The annual Bulwer-Lytton contest challenges writers to come up with worse opening lines than nineteenth-century writer, Edward George Bulwer-Lytton, who opened his novel Paul Clifford with the famous words:

It was a dark and stormy night; the rain fell in torrents–except at occasional intervals, when it was checked by a violent gust of wind which swept up the streets (for it is in London that our scene lies), rattling along the housetops, and fiercely agitating the scanty flame of the lamps that struggled against the darkness.”
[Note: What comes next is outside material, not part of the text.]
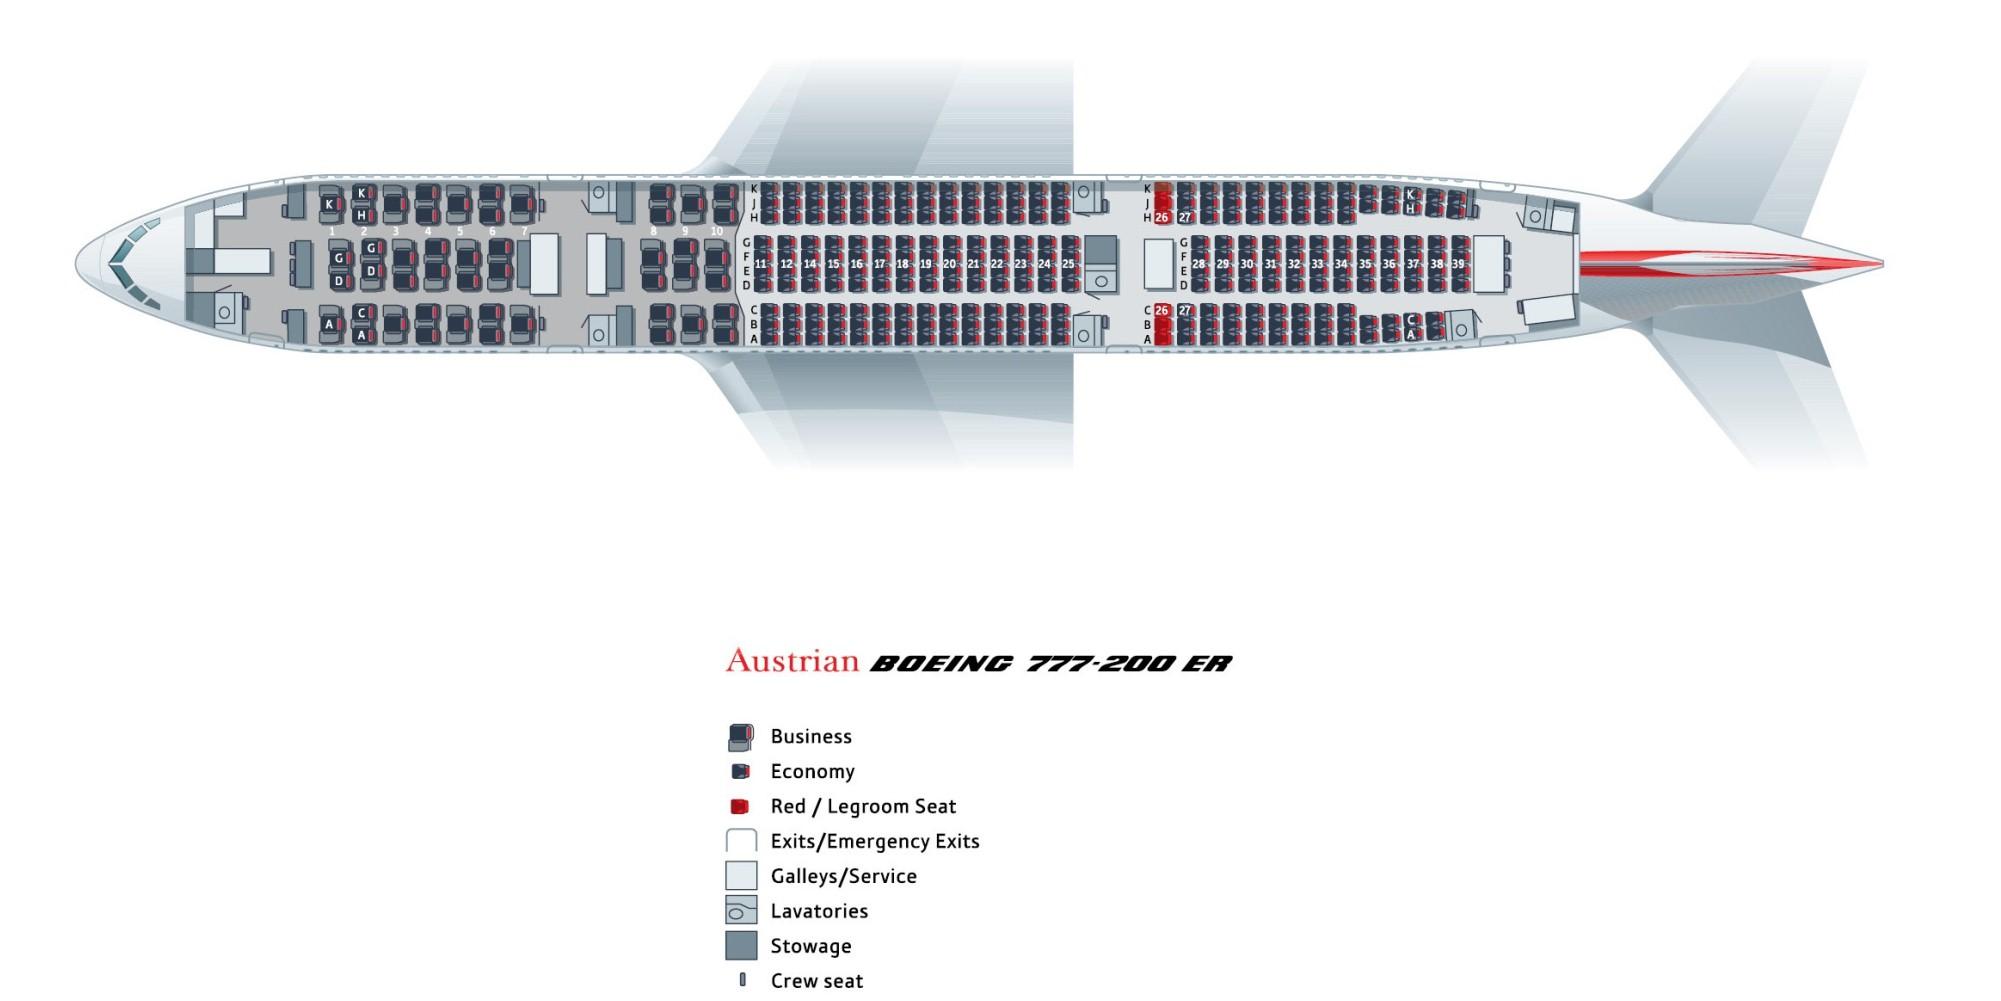 Boeing 777-200 ER

The contest has grown in popularity and now receives over 10,000 entries in many different categories. Here are my own entries over the years:

Puns

  • Sister Mary Theresa went to Mexico to clothe the needy, cure the sick, and feed the starving, but it wasn’t until after her first native meal that she truly became a woman with emission.
  • It didn’t take Inspector Watkins long to realize the Case of the Confectioner’s Daughter was going to bring him nothing but truffles.
  • Filbert P. Pistachio and his wife Macadamia considered themselves eccentric, but to their friends they were just nuts.
  • To an orchard magnate like Jean-Claude, Sofia was the perfect woman:  eyes like two blueberries, cheeks as red as two apples, lips like two cherries, breasts as round as two perfect cantaloupes–to him, she was a portrait in pears.
  • The nomads of the French countryside were famous for their corn and fruit, and were thrilled when they heard Marc Antony was arriving to show them how to grow more crops, but to their shock and dismay Antony’s troops immediately confiscated their harvest and Antony himself proclaimed: “French roamin’ country men, send me your ears; I come to seize your berries, not to raise them!”

Sci-Fi/Fantasy

  • Star Command Captain Jock Steele stared at his new First Officer, Desiree Smithington, her blue eyes twinkling like the stars outside their spaceship did not, because they were in space where there is no air, unlike in the ship, except for in Steele’s lungs from which Desiree had taken his breath.
  • Revulath decided to keep his day job, which, since he lived on the side of Antares V that always faced the sun, wasn’t that surprising.
  • Lucifer sweltered on his throne, mopping his horned forehead with a sweat-soaked rag and thinking yet again, “Man, it’s hot as hell in here.”

Detective

  • On stakeout with his young, brand-new partner, Detective Johnson quickly realized that “the lights were on, but nobody was home”–which was not surprising since criminals never worry about saving energy.
  • The case ate at Detective John Martin’s gut like the week-old lasagna he had for yesterday’s dinner and which still lay in his stomach like an unemployed brother-in-law, causing him to chew laxative tablets like Pez and wash them down with shots of Milk of Magnesia, waiting for it to work its lumbering way through his intestines like a pasta and cheese spelunker–ah, but I digest.

Romance

  • It was a dark and romantic night, and John stared into Monica’s moonlit eyes, which glowed like a pair of 500,000-candlepower searchlights, but without all the bugs, and they used a free sex near me to meet each other.
  • Marguerite strode into the room, tall, elegant, and a real head-turner, now that she’d finally passed her chiropractic exam.

Mainstream

  • Beth was a hearty woman who laced her speech with more curses than a longshoreman, though a longshoreman would probably use a word like “peppered” since “laced” sounds kinda gay.
  • Slim pulled his horse to a halt, his throat as dry as the desert sand around him which seemed to be mostly in his mouth.

Gift of the Heart

by Terry Burlison


Brynn adjusted the canvas bag under her arm, wiped a sweaty palm on her skirt, and rang the doorbell. The door opened and Kaitlyn peeked out, blonde hair framing her beautiful blue eyes. “Oh, it’s you.”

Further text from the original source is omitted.